Nordkalottleden 2015 – 3. Etappe

Abisko – Ritsem

 

31. Juli 2015 – 22. Tag

Um 9.00 Uhr habe ich bereits ausgecheckt und bin wieder startklar. Ich freue mich riesig, ich vermisse die Natur und die Einsamkeit..

Der Pfad ist sehr breit ausgetreten. Der Nordkalottleden verläuft nun 4 Tage lang parallel zum Kungsleden. Und da der Kungsleden ziemlich populär ist, treffe ich enorm viele Wanderer. Es ist sogar ausgeschildert, wo ein Meditationsplatz sein soll, was mich eher den Kopf schütteln lässt..

3. Etappe

In der Abiskojaure will ich nicht übernachten, da es ziemlich teuer ist und auch der Hüttenwart ist mir nicht besonders sympatisch. Also laufe ich noch etwas weiter und stelle mein Zelt schliesslich bei einem breiten Fluss auf. Aber auch hier dauert es nicht lange, bis noch zwei weitere Zelte stehen. Es hat mir definitv zu viele Leute und ich vermisse die Einsamkeit der letzten Tage auf dem Nordkalottleden.

Meine neuen Wanderschuhe haben sich bis jetzt gut bewährt. Ich habe tatsächlich keine einzige Blase bekommen, was bei mir mit neuen Schuhen normalerweise immer der Fall ist. Vielleicht sind meine Füsse ja bereits etwas abgehärtet.

 

01. August 2015 – 23. Tag

Happy Birthday Schweiz!! Meine Freunde werden bestimmt den alljährlichen 1.-August-Brunch veranstalten und den ganzen Tag nicht anderes tun, als Feuerwerkskörper zu zünden. Der Tag, an dem wir, egal wie alt, zu Kindern werden! Ich vermisse sie..

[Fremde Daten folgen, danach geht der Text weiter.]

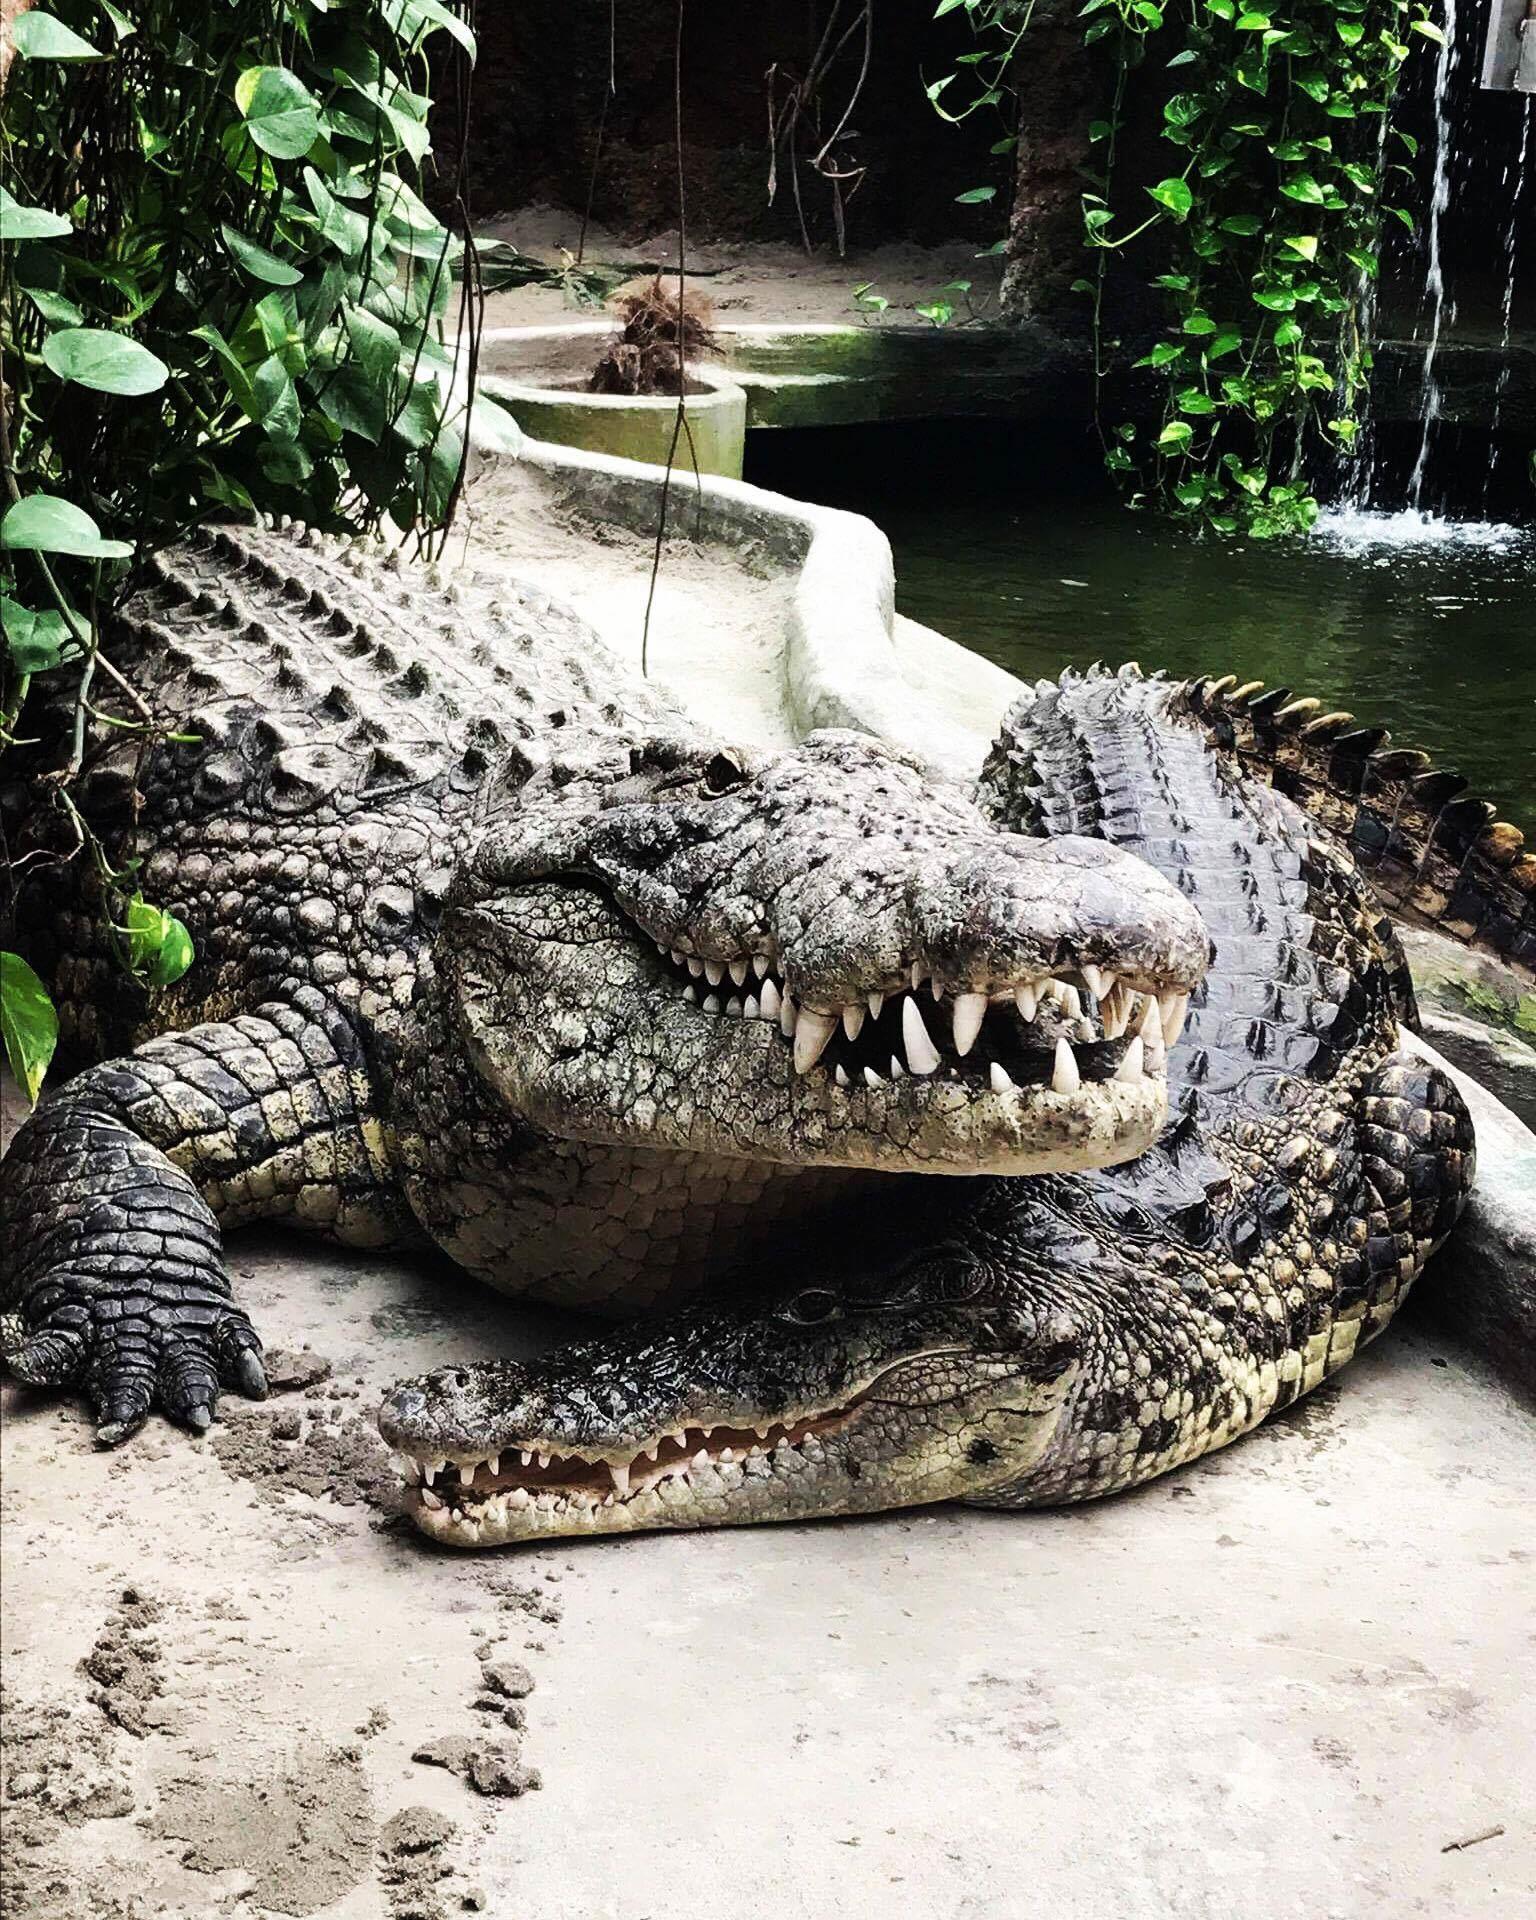 Indgangsbillet til Krokodille Zoo på Falster

Heute wandere ich etwas über 20 Km. Die Landschaft wäre wunderschön, aber das Wetter hat wieder etwas abgekühlt und dazu geht ein zügiger Wind. Sobald ich nicht in Bewegung bin, friere ich. In der Alesjaure beschliesse ich, mir ein Zimmer zu nehmen. Schliesslich habe ich mit heute schon ganze 400 Km meiner Wanderung geschafft!

3. Etappe

Ich teile das Zimmer mit 3 Frauen aus Deutschland. Wir verbringen einen lustigen Abend zusammen. Plötzlich spricht mich jemand auf Schweizerdeutsch an. Wow, cool, ein Schweizer!! Doch meine Euphorie verschwindet bald. Er ist ein paar Jahre älter als ich und kann nicht aufhören zu jammern.. „Es ist so kalt und wenn ich gewusst hätte.. wäre ich niemals in den Norden gekommen“, bla, bla, bla.. Eigentlich will ich das gar nicht hören und bald schon geht er mir gehörig auf die Nerven. Ich bin froh, als er sich verabschiedet, um die Sauna zu nutzen.

 

02. August 2015 – 24. Tag

Heute bin ich nicht besonders fit und nach nur 14 Km beschliesse ich, in der Tjäkta-Hütte zu übernachten. Es regnet wieder und ist ziemlich kalt. In dieser Hütte gibt es nur Massenlager und bald schon bereue ich, dass ich nicht trotz des Wetters im Zelt übernachte. Ich kann kaum schlafen. Ich habe Heimweh und ich fühle mich, trotz der vielen Menschen hier, ziemlich einsam. Ich vermisse meine Liebsten..

3. Etappe

 

03. August 2015 – 25. Tag

Schon sehr früh ist nicht mehr an Schlaf zu denken. Ein Wanderer, welcher bereits kurz nach 6.00 Uhr aufsteht, hat wohl all seine Sachen in Plastiksäcke verstaut. Er packt sein Rucksack in aller Ruhe und mit grösst möglicher Lautstärke. Vielen Dank auch! Nachdem er endlich weg ist, stehen die nächsten auf, welche noch viel weniger daran denken, dass es vielleicht noch Leute gibt, die schlafen möchten. Ich versuche noch etwas weiterzudösen, was mir nicht wirklich gelingt.

Bald schon bin ich die Letzte und ich kann in aller Ruhe meine Sachen packen. Auch heute wandere ich nur ca. 12 Km und kurz nach Mittag bin ich bereits bei der Sälka Hütte. Diesmal werde ich im Zelt übernachten, darf aber gegen ein kleines Entgeld in einer Hütte kochen und mich aufhalten.

Ich freue mich, morgen geht es endlich wieder auf dem Nordkalottleden weiter, welcher hoffentlich nicht so überrannt sein wird. Auf dem Kungsleden macht man nämlich nichts anderes, als dauernd jemanden zu überholen oder überholt zu werden. Man ist nie alleine.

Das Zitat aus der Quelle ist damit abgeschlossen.